Japan tried to shore up the value of its currency Thursday by buying yen and selling US dollars for the first time in 24 years.
The yen had earlier plunged to its lowest level since 1998 after the Federal Reserve hiked interest rates aggressively while the Bank of Japan kept its rates in negative territory in a bid to boost its fragile economic recovery. The currency has lost about 20% this year against a surging US dollar.
“In the current foreign exchange market, we are seeing rapid and one-sided movements against the backdrop of speculative activities,” Japan’s vice finance minister for international affairs Masato Kanda told reporters on Thursday.
“The government is concerned about these excessive fluctuations and has just taken decisive action,” he added.
Thursday’s decision marks the first time since 1998 that the Japanese government intervened in the foreign exchange market by buying yen.
Earlier Thursday, the Bank of Japan announced that it would maintain its ultra-loose monetary policy, reinforcing its outlier status among G7 nations that are raising interest rates to tame inflation.

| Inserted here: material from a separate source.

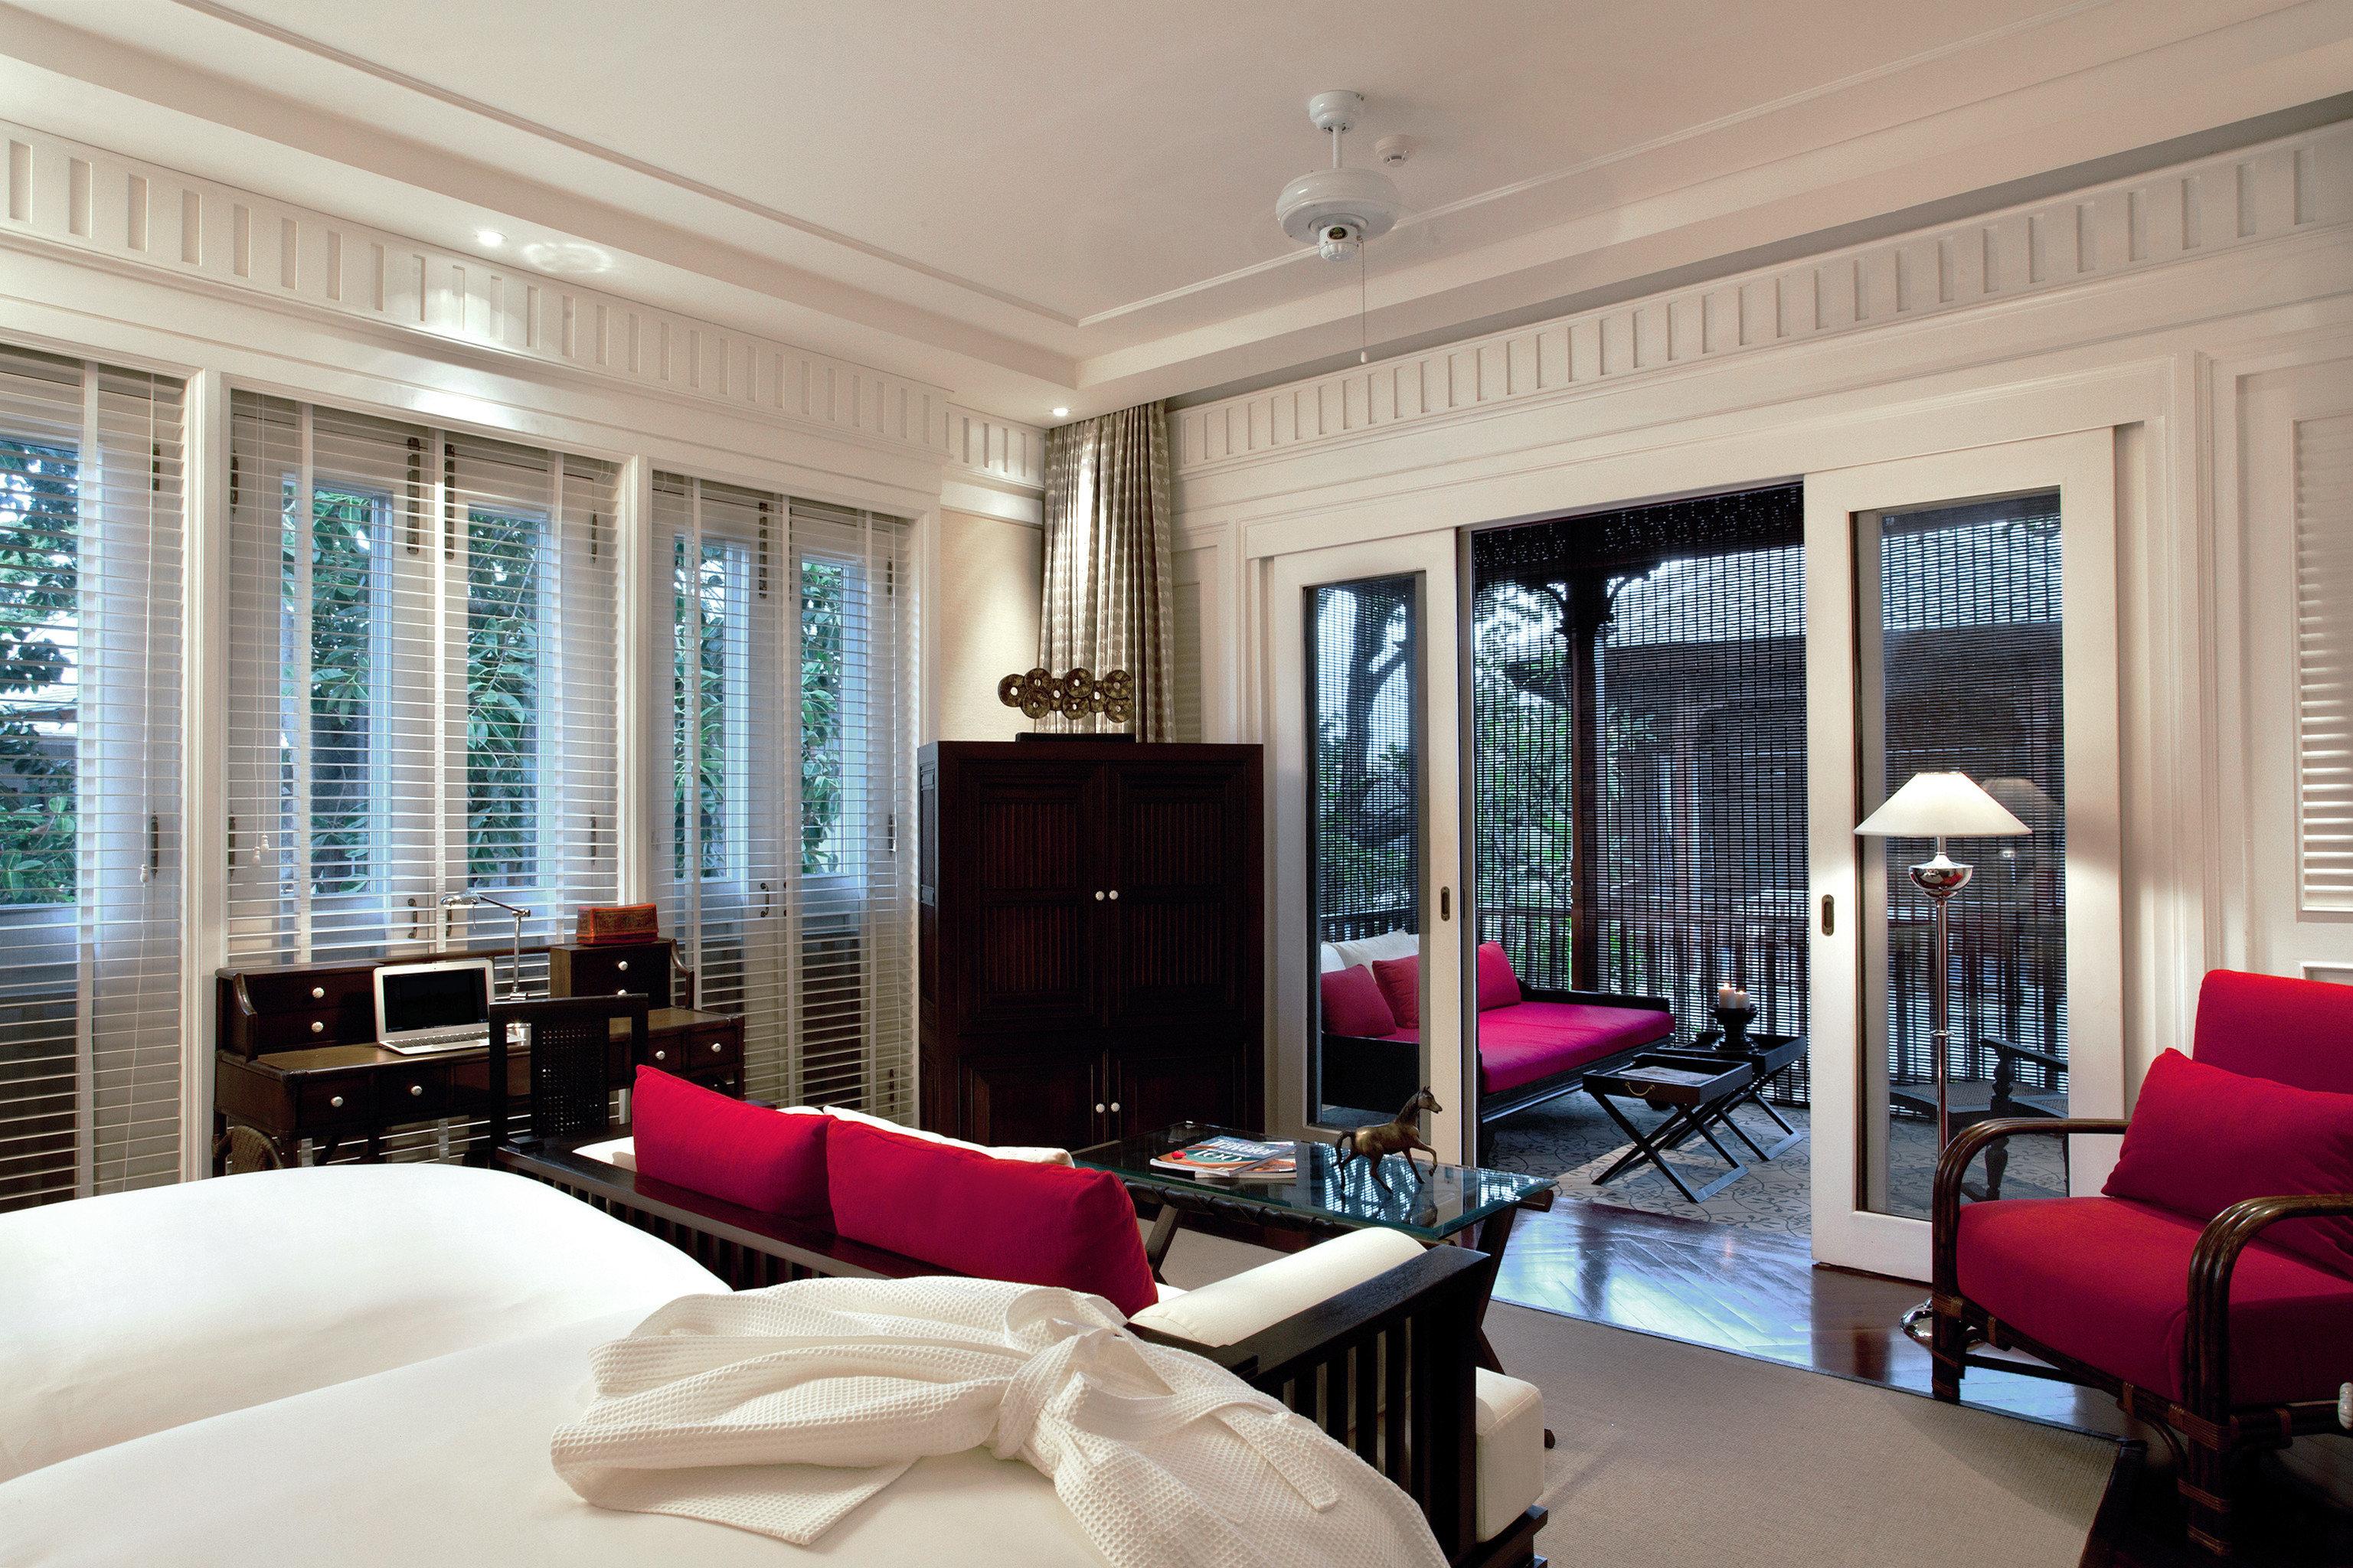 Bedroom Hip Luxury Modern Suite sofa property living room red condominium home mansion nice flat

The central bank held interest rates at minus 0.1%, just hours after the Fed made history with its third straight three-quarter percentage point rate hike, taking benchmark US rates up to between 3% and 3.25%.
That initially sent the yen plunging to 145 to the US dollar. Those losses were reversed following news of the intervention, however, and the yen was last trading at around 141, up 2%.
Finance Minister Shunichi Suzuki told reporters at a press conference that the currency intervention had some effect and that Japan would not accept excess volatility in the market.
But he declined to comment on whether the intervention was conducted with US support, saying only that Japan was in “regular contact with countries concerned.”
Japan was believed to have been selling dollar-denominated assets it holds, such as US Treasuries, Japanese news agency Kyodo reported.
Japan last intervened to support its currency during the Asian financial crisis in 1998. But it had intervened more recently — in November 2011 — to prevent the yen appreciating too rapidly against the dollar, public broadcaster NHK reported.